The U.S. Labour Department said yesterday that productivity, the amount of output per hour of work, rose at an annual rate of 6.4 per cent in the April-June quarter, while unit labour costs dropped 5.8 per cent. Both results were greater than economists expected.
Productivity can help boost living standards because it means companies can pay their workers more, with those wage increases financed by rising output. However, in this recession, companies have been using their productivity gains from layoffs and other cost cuts not to hire again but to bolster their profits.
The result: Many companies have been reporting better-than-expected second-quarter earnings despite falling sales.
Businesses producing more with fewer employees means millions of unemployed Americans likely will continue to face a dismal job market. Some analysts also worry that companies' aggressive cost-cutting could make it hard to mount a sustainable recovery. That's because a lack of wage growth and a shortage of jobs will likely depress consumer spending, which accounts for about 70 per cent of U.S. economic output.
Ideally, businesses would use the current productivity gains to stabilize their own financial situations and as the economy rebounds, resume hiring to meet the rising demand, analysts said.

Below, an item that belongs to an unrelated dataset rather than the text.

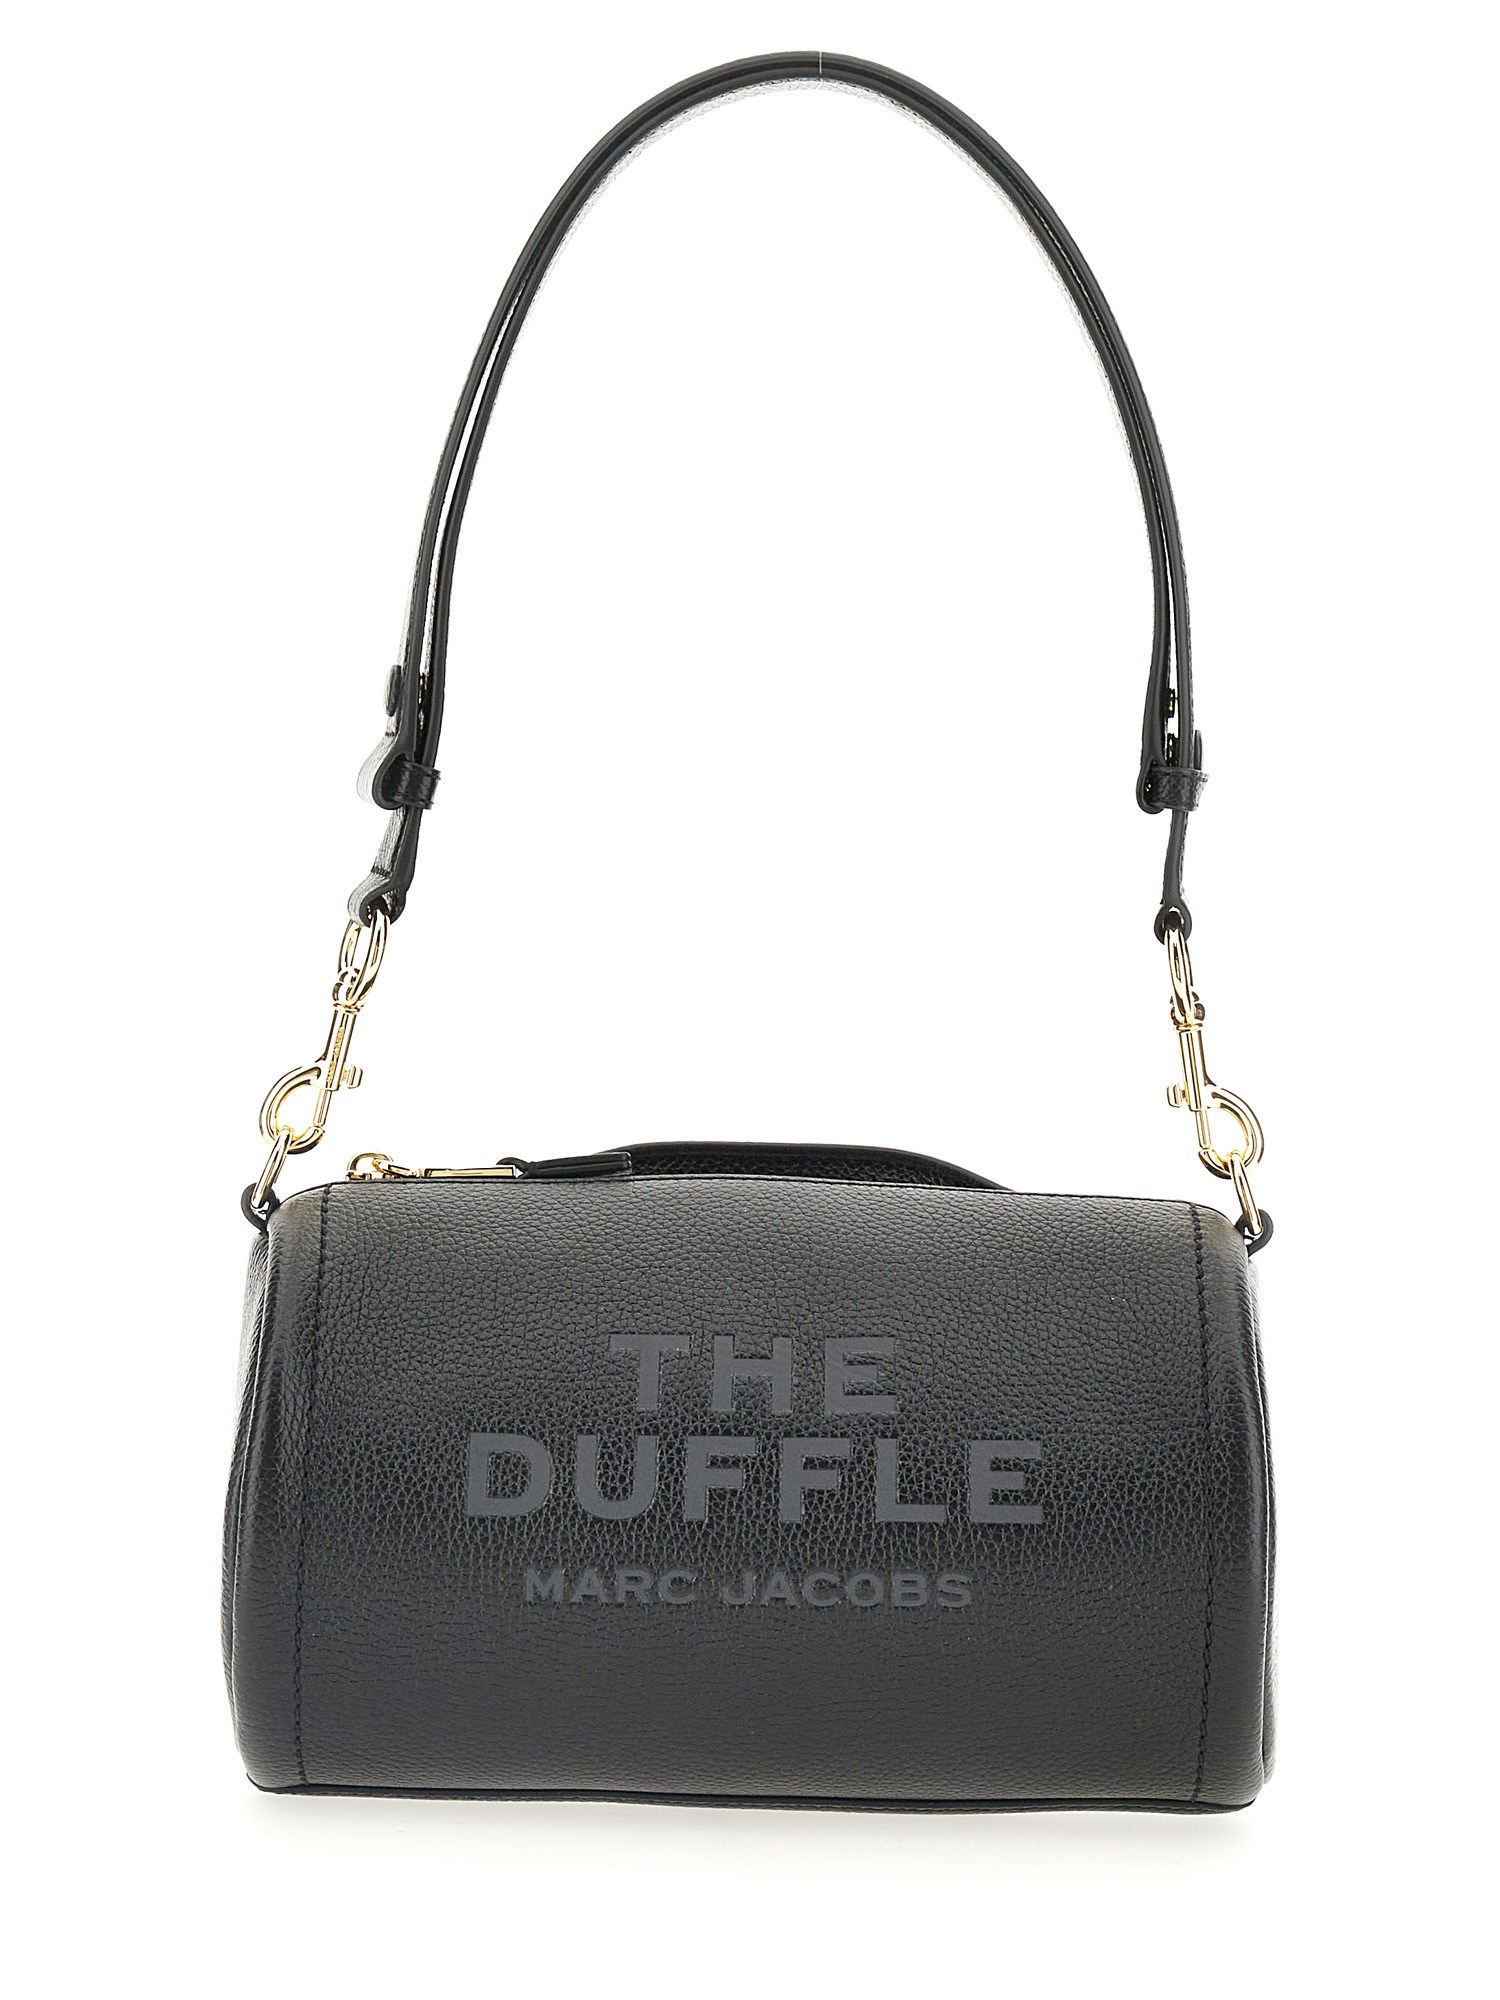 marc jacobs the duffle bag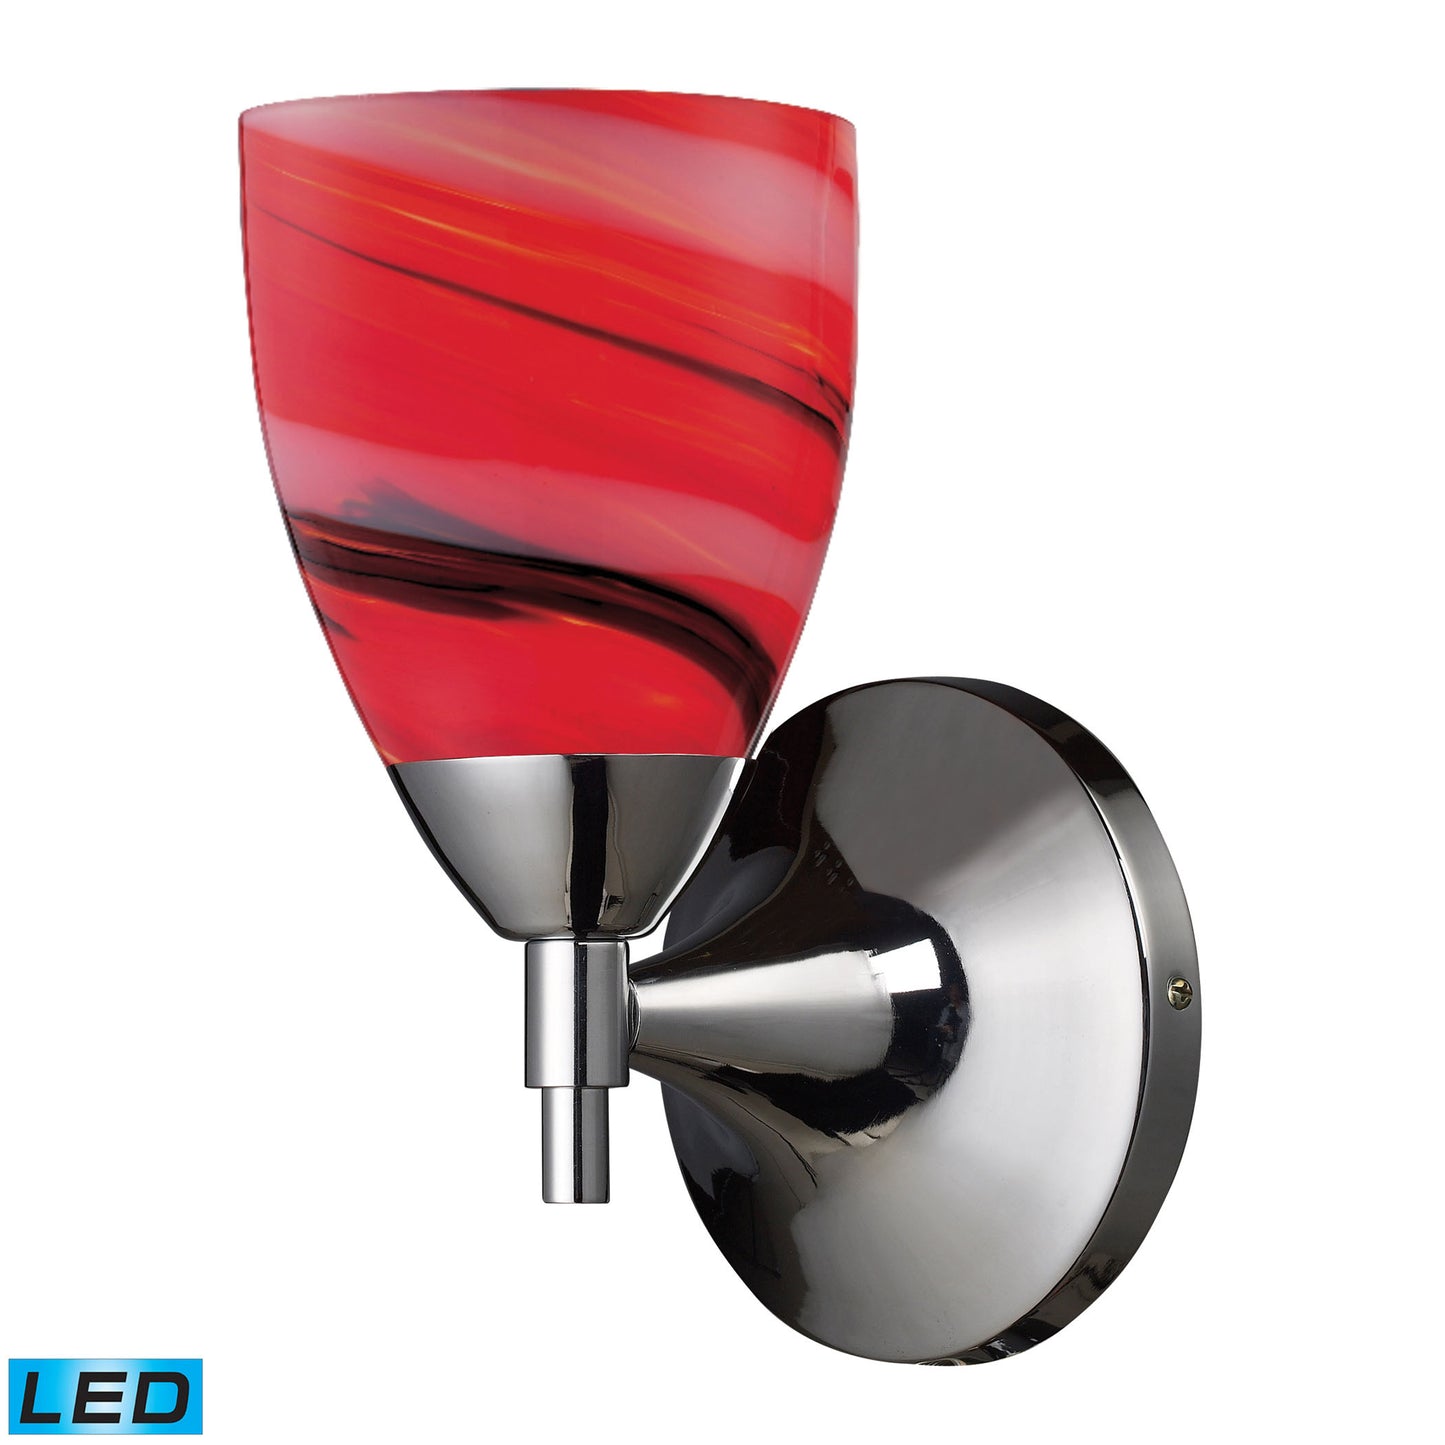 Celina 1-Light Wall Lamp in Polished Chrome with Sandy Swirled Glass - Includes LED Bulb

"Hopefully, businesses will stop the layoffs and start hiring again so that consumers will have the ability to spend, but that is a tricky transition," said Mark Zandi, chief economist at Moody's Economy.com.
In a second report, the Commerce Department said wholesale inventories declined for a record 10th consecutive month, falling 1.7 per cent in June. That was nearly double the 0.9 per cent decrease economists had expected.
But in an encouraging sign, sales rose 0.4 per cent for a second straight month. The first back-to-back increases in a year boosted hopes that businesses will begin to ramp up production to meet rising demand.
The second-quarter productivity increase reflected that the number of hours worked fell much faster than output dropped. Total hours worked dropped at an annual rate of 7.6 per cent, while the output of non-farm businesses fell at a 1.7 per cent rate.
The U.S.'s total output of goods and services, as measured by the gross domestic product, fell at an annual rate of 1 per cent in the second quarter. That was a much slower rate of decline than the previous two quarters when the economy shrank at the fastest pace in more than a half-century.
Many economists believe the recession is on the verge of ending. Should the economy start to grow in the second half of this year, some companies might boost employment - if demand for their products showed a sustained increase.
Still, the leaner work force should help keep productivity rising in coming quarters although the gains are not expected to be as large as the jump in the spring.